Briefly, what is the parameters of the redistricting rules in Indiana?
>> Well, the legislature has the authority to do it.
The governor would have to call the legislature back into a special session.
And then, per their authority given to them by the Constitution, they could they could do that.
They would obviously have to follow the Supreme Court guidelines when it comes to demographics and making sure that they're counting from a demographic perspective fairly, but they can do it.
I mean, it is certainly within their purview to make it happen.
>> John: Now, Representative Delaney, generally speaking, the rule of thumb is that you do redistricting once every ten years after the census, but it seems like there's pressure being brought to bear in Indiana right now to do a redistricting.
What are your thoughts on that?
>> Well, the greatest pressure possible.
The White House is demanding that we do it.
They sent the Vice President here to engage what I call shoplifting, stealing not candy bars but stealing congressional districts.
So the pressure is all from Washington.
There is no internal call for this.
There's no tradition of doing it midterms.. We don't do it, we're not used to it, and obviously the Republicans are having stomach pains over it.
They don't want to do it, that's why they keep dragging it out.
There is no motivation to do it other than what the guy in the White House wants.
>> John: Lieutenant Governor, the pros and cons of doing this redistricting outside of the 10-year window.
Talk to to me.
>> So I think the pros are is that we will have an accurate count of people who are not supposed to be counted.
So what I've said is Indiana has to compete with states like California who are counting illegal immigrants in their census which is unfairly bloating their representation in Congress.
And then you have Illinois and Massachusetts and Connecticut that have gerrymandering through the nose.
There's no Republican or very little Republican representation in those states.
And Indiana has to compete on a federal level with those states that are not playing fairly.
So what I said, let's follow President Trump's leadership on this.
I supported his call for this right away.
I was the first statewide official to do so because he's teaching us how to fight fire with fire.

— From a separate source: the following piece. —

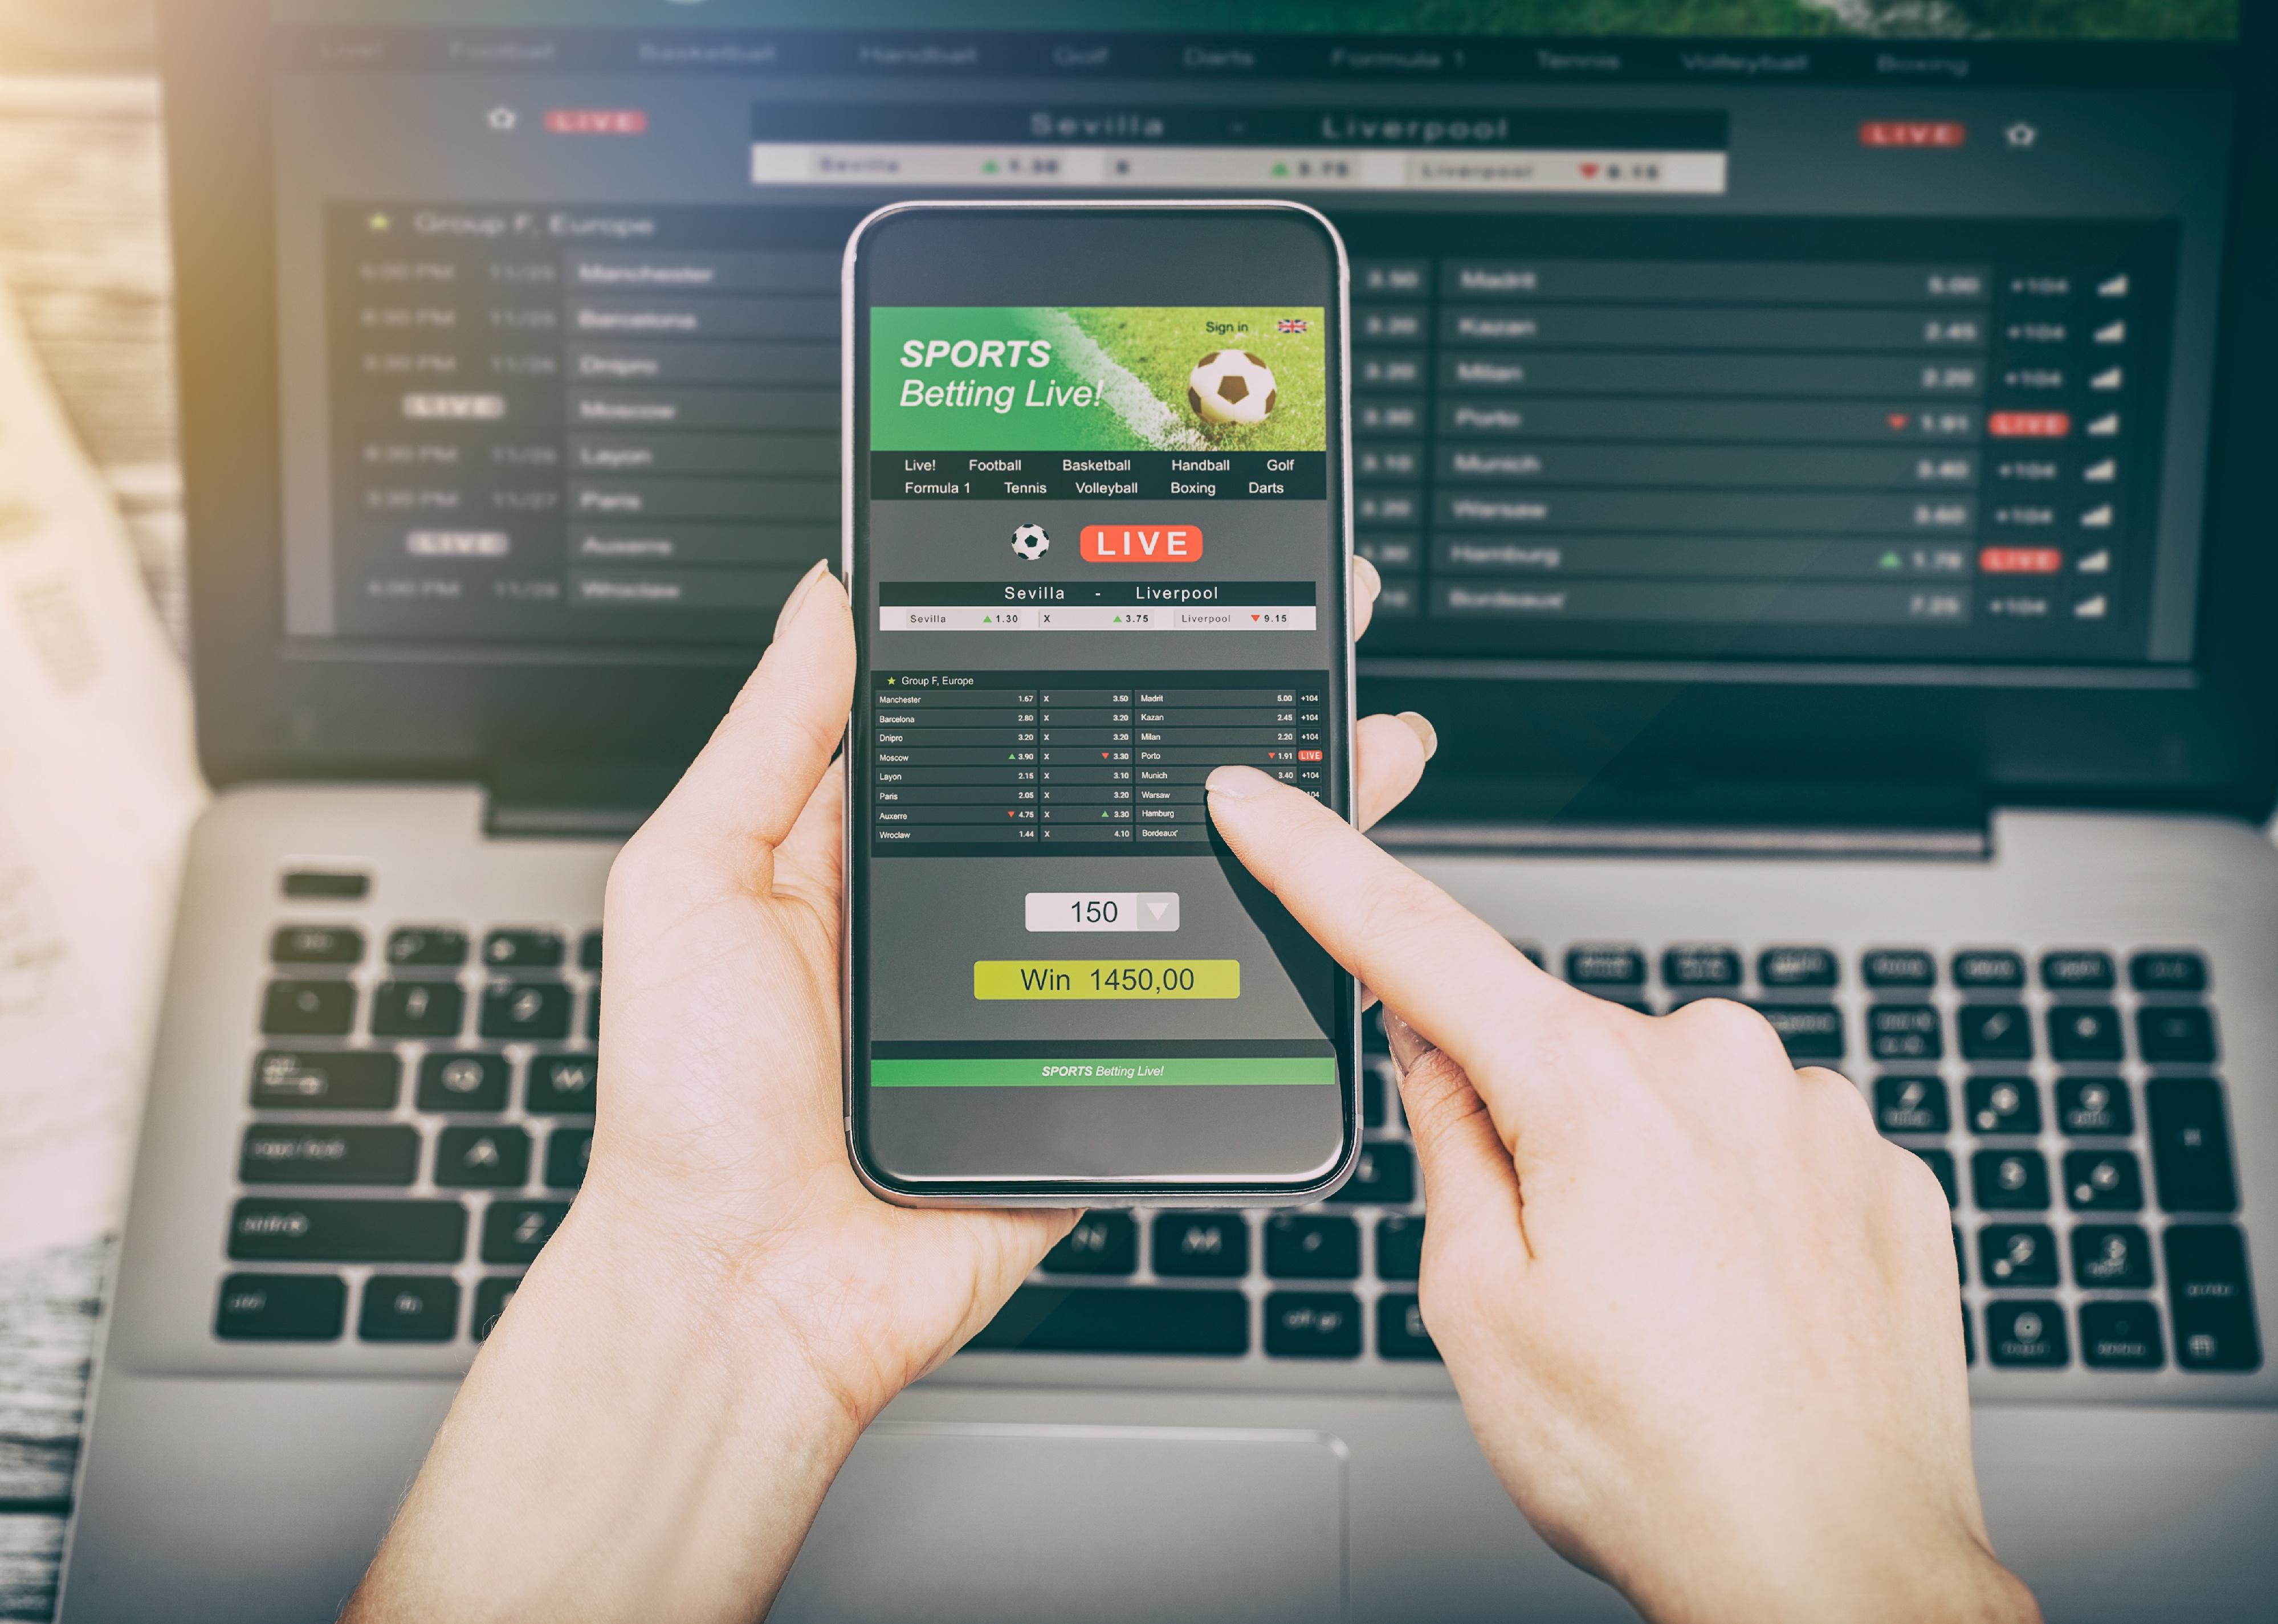 Hands on sports betting app.

And I think Indiana really, really should listen to what the White House is saying.
>> John: So gentlemen, it seems like for every action there's a reaction with respect to gerrymandering these days.

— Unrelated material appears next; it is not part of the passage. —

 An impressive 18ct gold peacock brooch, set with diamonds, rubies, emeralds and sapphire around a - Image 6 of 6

And if one state is a Democratic state decides to do it, then a Republican state, is going to try and respond and try and justify it.

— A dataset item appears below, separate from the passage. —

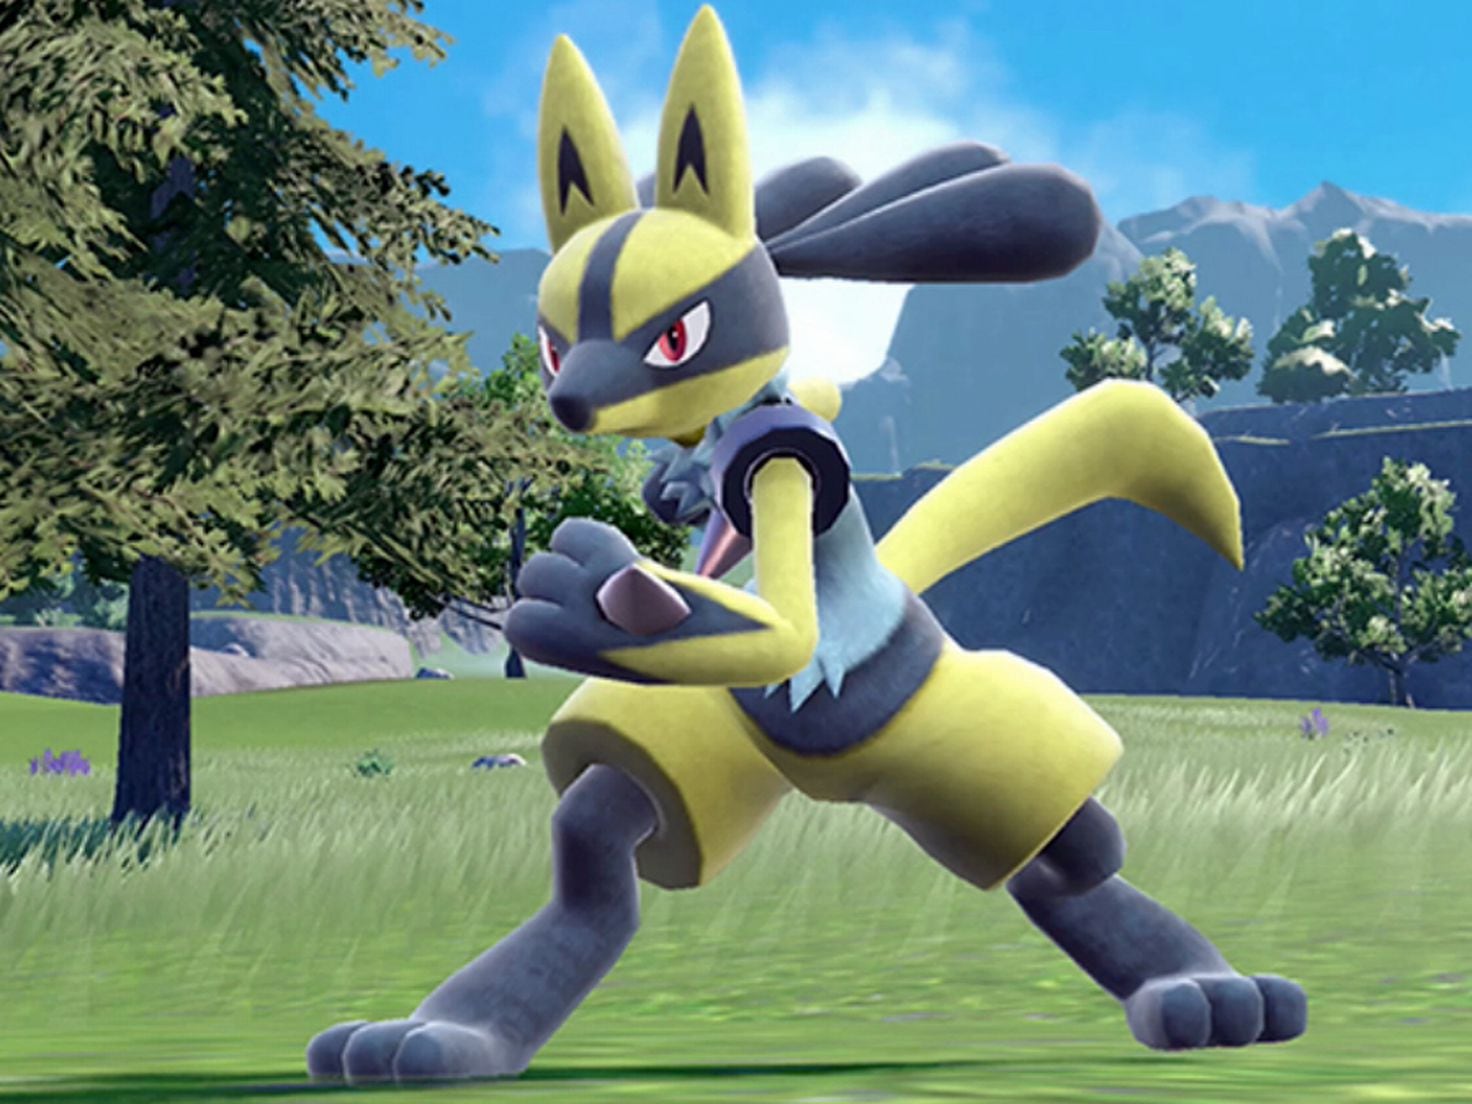 Get a Shiny Lucario in Pokémon Scarlet & Violet with this Mystery Gift Code  - Meristation

But I got this one question from both of you, and it should be a pretty simple question.
Representative Delaney, I'll start with you.
If you could get rid of gerrymandering, ensure that it doesn't happen nationwide, would you do so?
>> Absolutely.
I think it would require a national solution, and it wouldn't be simple because there are a lot of factors to be considered.
But we had a halfway decent system until the Supreme Court walked away, washed his hands of it and said they couldn't deal with it.
So yeah, but I think we need Congress to lead us into a nationwide system.
Until then, I, in Indiana, and other Democrats here are pushing to have our own system of neutral outside commissioners to do this.
By the way, I'm sorry to hear that apparently for 20 years, Indiana has been counting illegal immigrants.
I guess that's why we're doing this.
The Republicans have run this show for 20 years.
They've made the laws tighter and tighter every year to vote, but apparently we have a burgeoning problem of illegal voters in Indiana.
Go for it, Lieutenant Governor.
Deal with it, will you.
>> John: Lieutenant Governor, I take it, would you be for, I shouldn't assume -- would you be for getting rid of gerrymandering nationwide if you could?
>> Absolutely.
If we could trust that, you know, Democrat-run states like California and Illinois would play fairly, Indiana would absolutely love to play fairly.
But unfortunately, Democrats have been screwing the system, for many decades.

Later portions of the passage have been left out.